Zitierlink: http://hdl.handle.net/11858/00-001M-0000-0013-BC4E-7
Zusammenfassung
We propose a two-stage learning method which implements occluded visual scene analysis into a generative model, a type of hierarchical neural network with bi-directional synaptic connections. Here, top-down connections simulate forward optics to generate predictions for sensory driven low-level representation, whereas bottom-up connections function to send the prediction error, the difference between the sensory based and the predicted low-level representation, to higher areas. The prediction error is then used to update the high-level representation to obtain better agreement with the visual scene. Although the actual forward optics is highly nonlinear and the accuracy of simulated forward optics is crucial for these types of models, the majority of previous studies have only investigated linear and simplified cases of forward optics.
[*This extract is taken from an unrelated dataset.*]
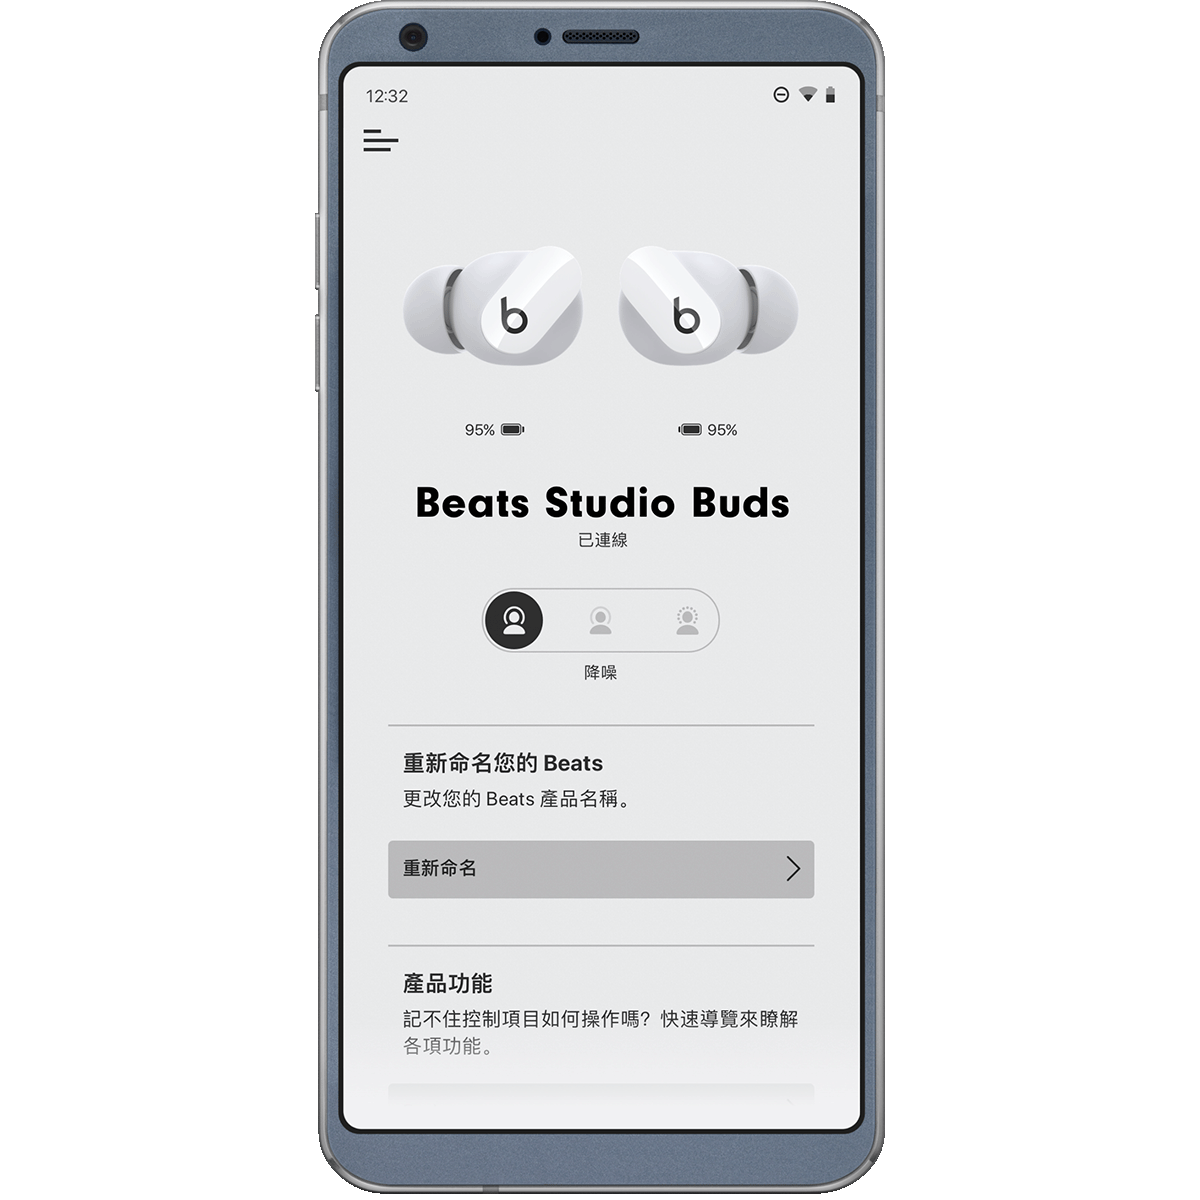 手機上顯示的 Beats App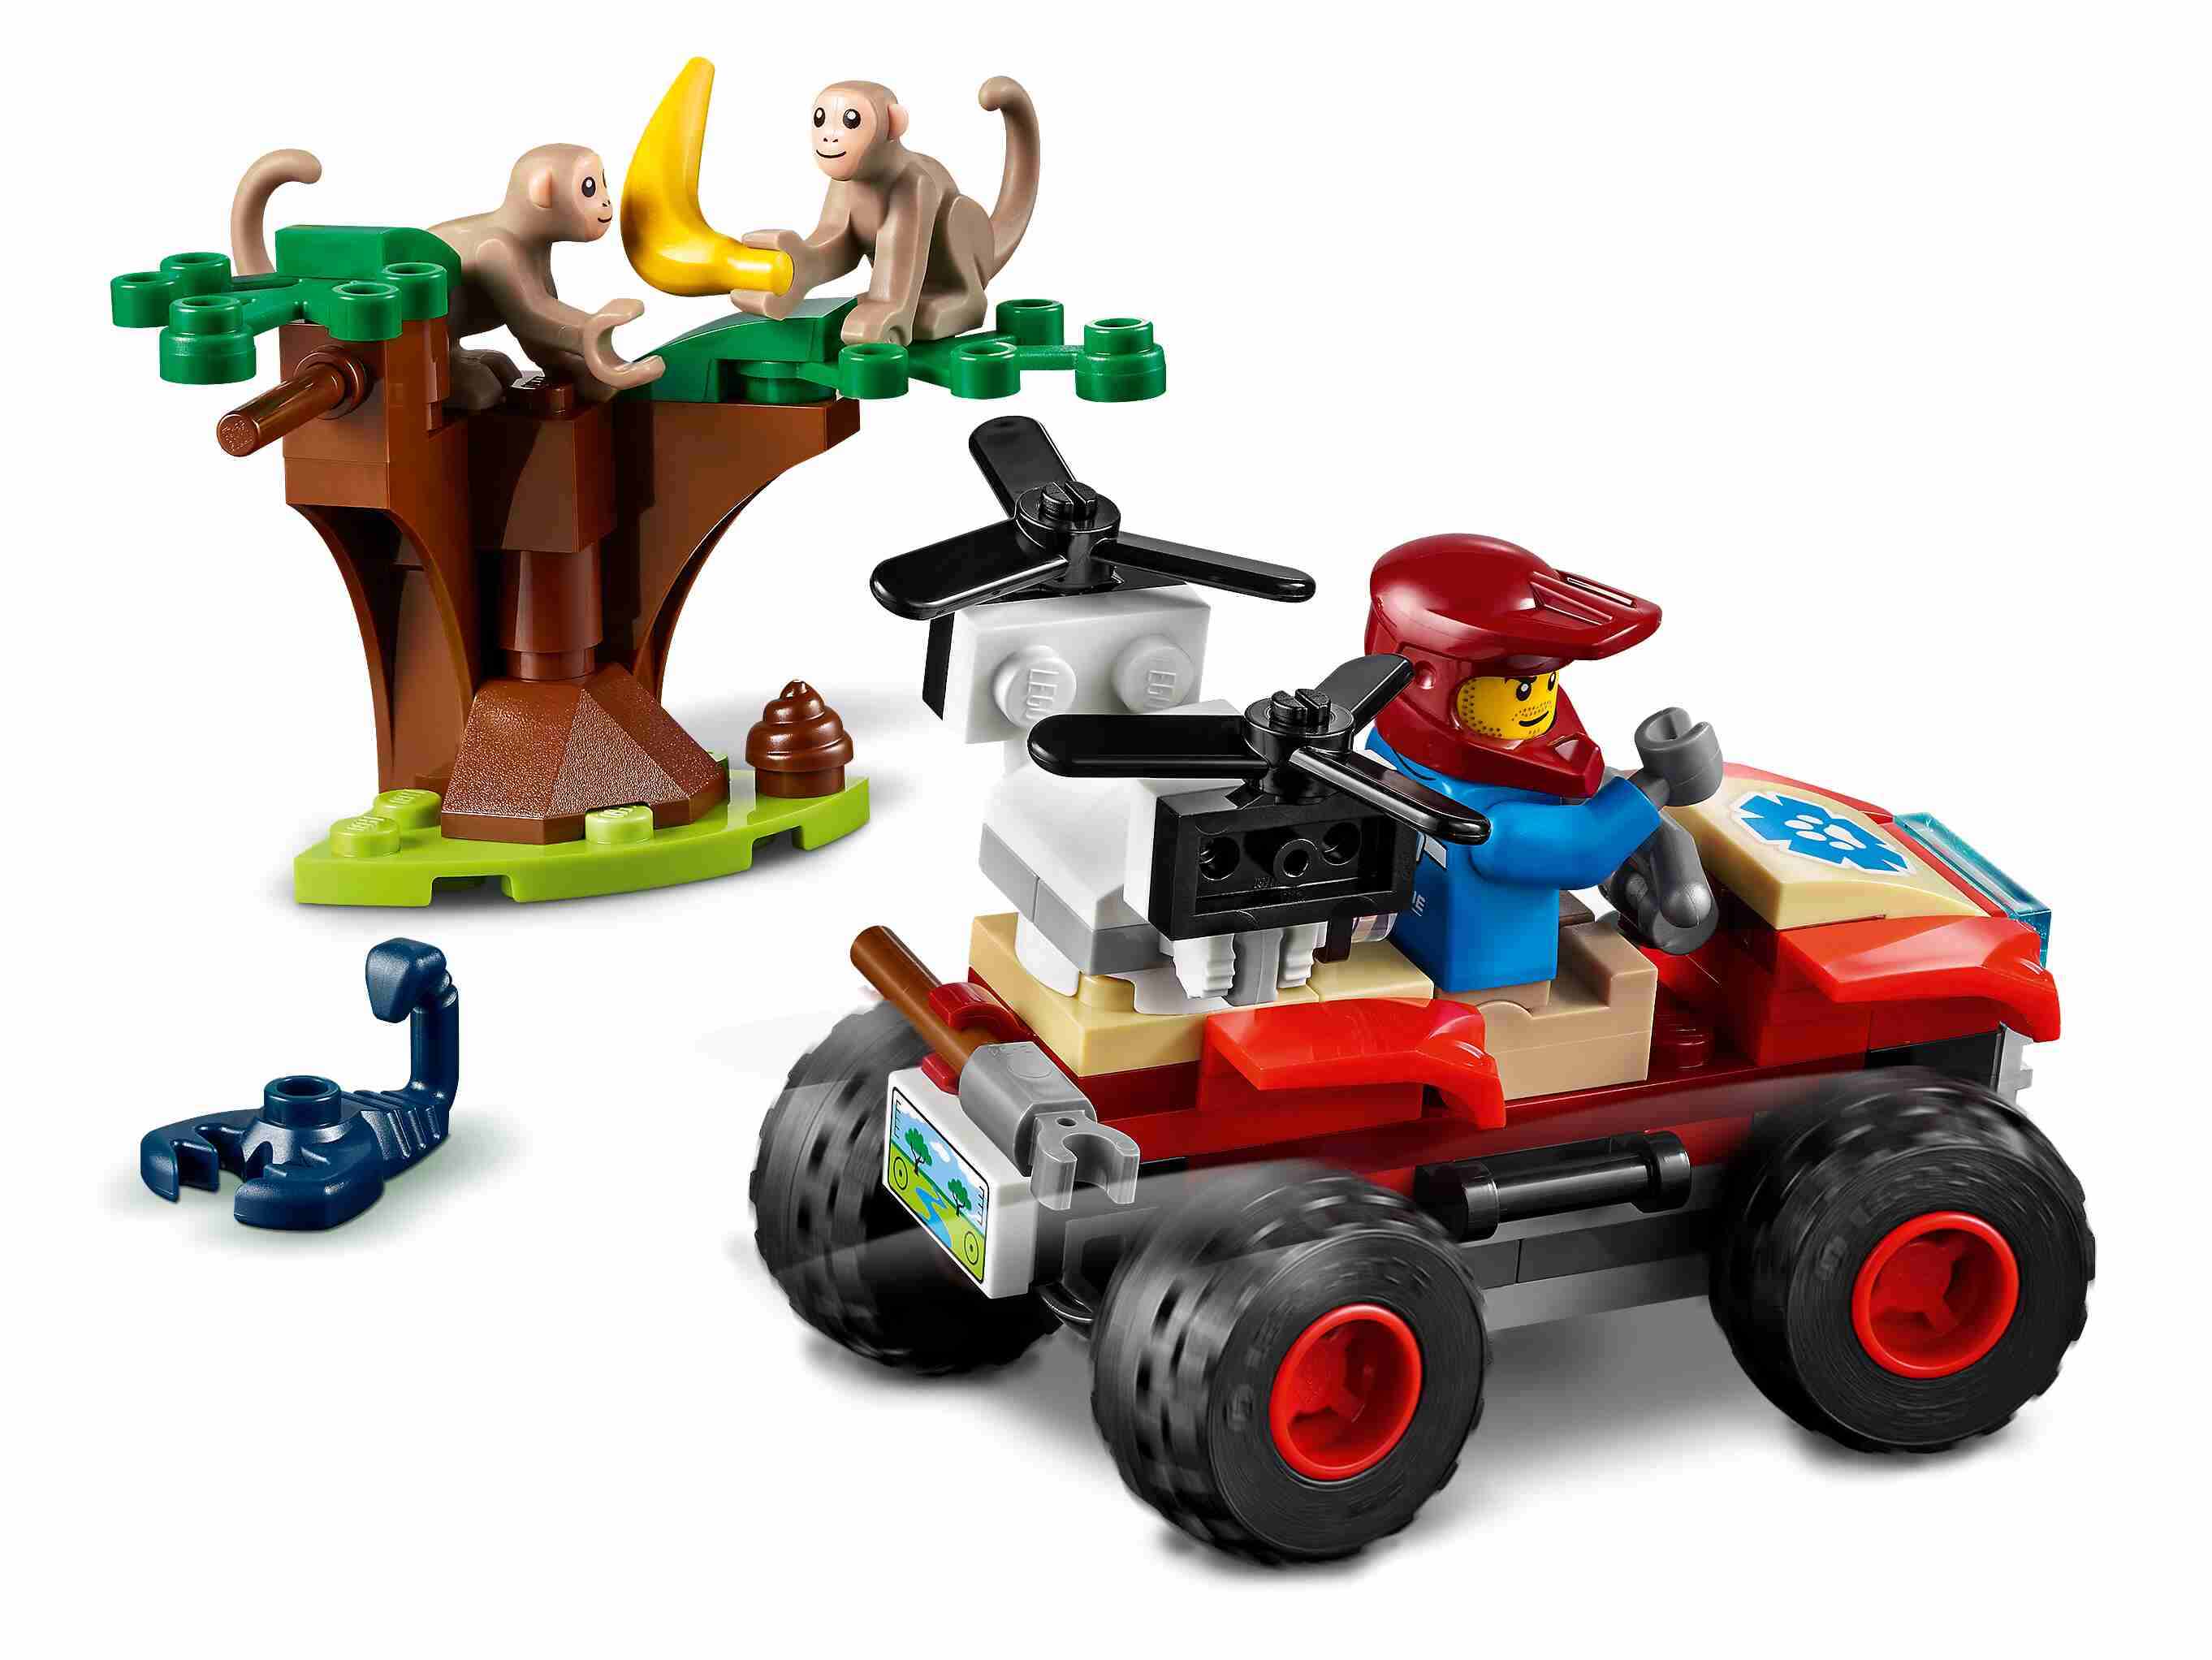 LEGO 60300 City Wildlife Tierrettungs-Quad, Forscher, 2 Affen, Skorpion

Here we take occluded vision as an example of nonlinear forward optics, where an object in front completely masks out the object behind. We propose a two-staged learning method inspired by the staged development of infant visual capacity. In the primary learning stage, a minimal set of object basis is acquired within a linear generative model using the conventional unsupervised learning scheme. In the secondary learning stage, an auxiliary multi-layer neural network is trained to acquire nonlinear forward optics by supervised learning. The important point is that the high-level representation of the linear generative model serves as the input and the sensory driven low-level representation provides the desired output. Numerical simulations show that occluded visual scene analysis can indeed be implemented by the proposed method. Furthermore, considering the format of input to the multi-layer network and analysis of hidden-layer units leads to the prediction that whole object representation of partially occluded objects, together with complex intermediate representation as a consequence of nonlinear transformation from non-occluded to occluded representation may exist in the low-level visual system of the brain.